Roma, Casella postale 6214
ISBN 978-88-541-4716-4
www.newtoncompton.com
Edizione digitale a cura di Librofficina
Progetto grafico: Sebastiano Barcaroli
Immagine di copertina: © Steve Debenport/iStockphoto
S.S. Van Dine
Il caso Gracie Allen
Edizione integrale
Personaggi principali
Philo Vance
investigatore privato
John F.X. Markham
procuratore distrettuale della contea di New York
Ernest Heath
sergente della Sezione Omicidi
Gracie Allen
operaia in una fabbrica di profumi
George Burns
miscelatore di profumi e saggiatore di aromi
Daniel Mirche
maître d’hotel del caffè Domdaniel
Dixie Del Marr
cantante del caffè Domdaniel
Philip Allen
fratello di Gracie Allen
Gufo
Owen
capo di una banda di criminali
Benny Poiana (Beniamino Pellinzi)
gangster
Non si arriva mai così in alto come quando non si sa dove si va.
(Cromwell)
1. Fuga di una poiana
(Venerdì 17 maggio, ore 20.00)
Il caso Gracie Allen, cosa piuttosto strana, piaceva a Philo Vance più di ogni altro di cui si fosse occupato.

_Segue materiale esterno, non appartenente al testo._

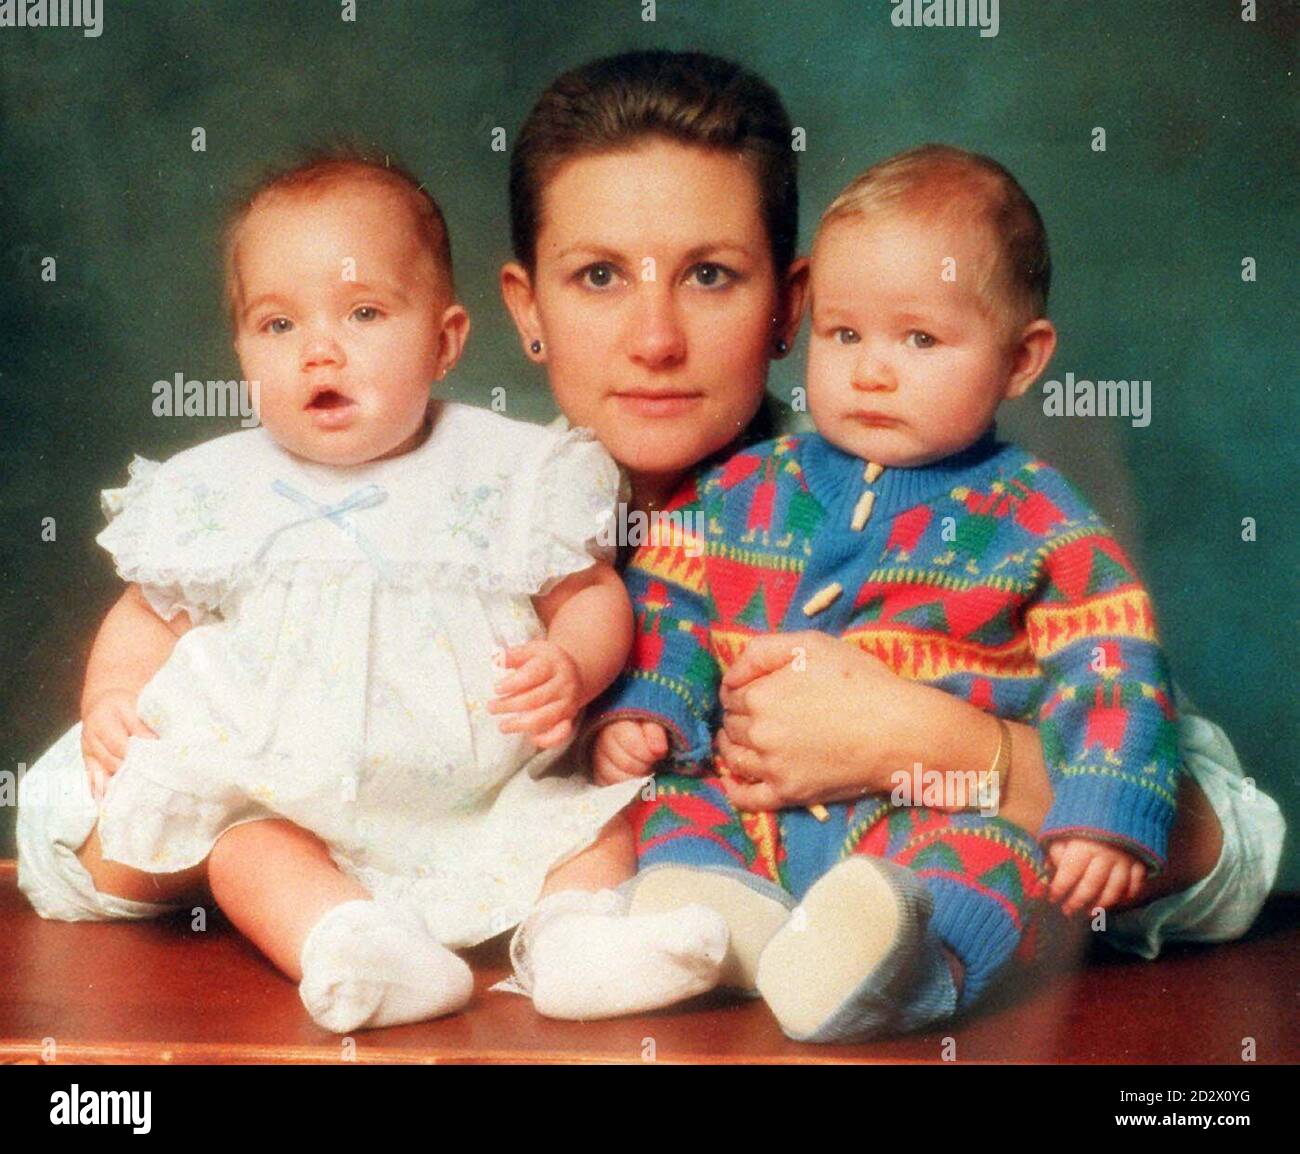 La mère porteuse Kim Cotton, avec les jumeaux qu'elle portait, s'appelle Alice et Oliver Nelson. Le coton, qui était la première mère porteuse britannique connue publiquement, a applaudi aujourd'hui (mardi) la décision d'offrir le service au NHS en disant que « la décision permettrait à beaucoup plus de copules infertiles de devenir parents ». Banque D'Images

Il caso, forse, non era altrettanto serio quanto certi altri… be’, ripensandoci, non sono poi tanto sicuro che ciò sia proprio vero. In effetti, era pieno di potenzialità infauste; e i suoi elementi di base, ora che ci penso, erano in realtà fortemente drammatici e sinistri, nonostante fosse quasi costantemente permeato di comicità.
Ho spesso chiesto a Vance perché fosse tanto affezionato a questo caso, ed egli ha sempre dato in risposta, con disinvoltura, una breve spiegazione: esso costituiva il suo unico palese fallimento tra i tanti delitti affidatigli dal procuratore distrettuale John F.X. Markham.
− No… oh, no, Van; il caso non è stato per niente mio, sai − disse Vance strascicando le parole una sera d’inverno, molto tempo dopo i fatti, mentre eravamo seduti davanti al caminetto di casa sua. − Veramente, sai, non mi tocca nessuna parte del merito. Sarei stato completamente in alto mare, non fosse stato per l’affascinante Gracie Allen che spuntava fuori sempre al momento cruciale per salvarmi dalla rovina.
− Se mai immortalassi questo caso sulla carta stampata, ti prego di dare il merito a chi ne ha diritto.
− Perbacco, che ragazza straordinaria! Le dee della dimora olimpica di Zeus non hanno mai tormentato il vecchio Priamo e Agamennone con la forza mostrata da Gracie Allen nel perseguitare i recidivi di quella storia profumatissima. Sorprendente!…
È stato un caso quasi incredibile sotto molti punti di vista, per niente ortodosso e prevedibile. Il mistero e l’incanto del profumo hanno permeato tutto il quadro. La magia della chiromanzia e l’aruspicina commerciale in genere sono state strettamente connesse alla sua decifrazione. E c’era un elemento umano e romantico a conferirgli un insolito colore rosa.
Per cominciare, era primavera, il 17 maggio, e il clima era insolitamente mite. Vance, Markham e io eravamo a cena sulla spaziosa veranda del Bellwood Country Club che si affaccia sull’Hudson. Tutti e tre chiacchieravamo in modo sconnesso, perché doveva essere un momento di assoluto relax e piacere, senza alcuna intrusione degli stridenti interludi criminali che, negli ultimi anni, caratterizzavano tanti nostri discorsi.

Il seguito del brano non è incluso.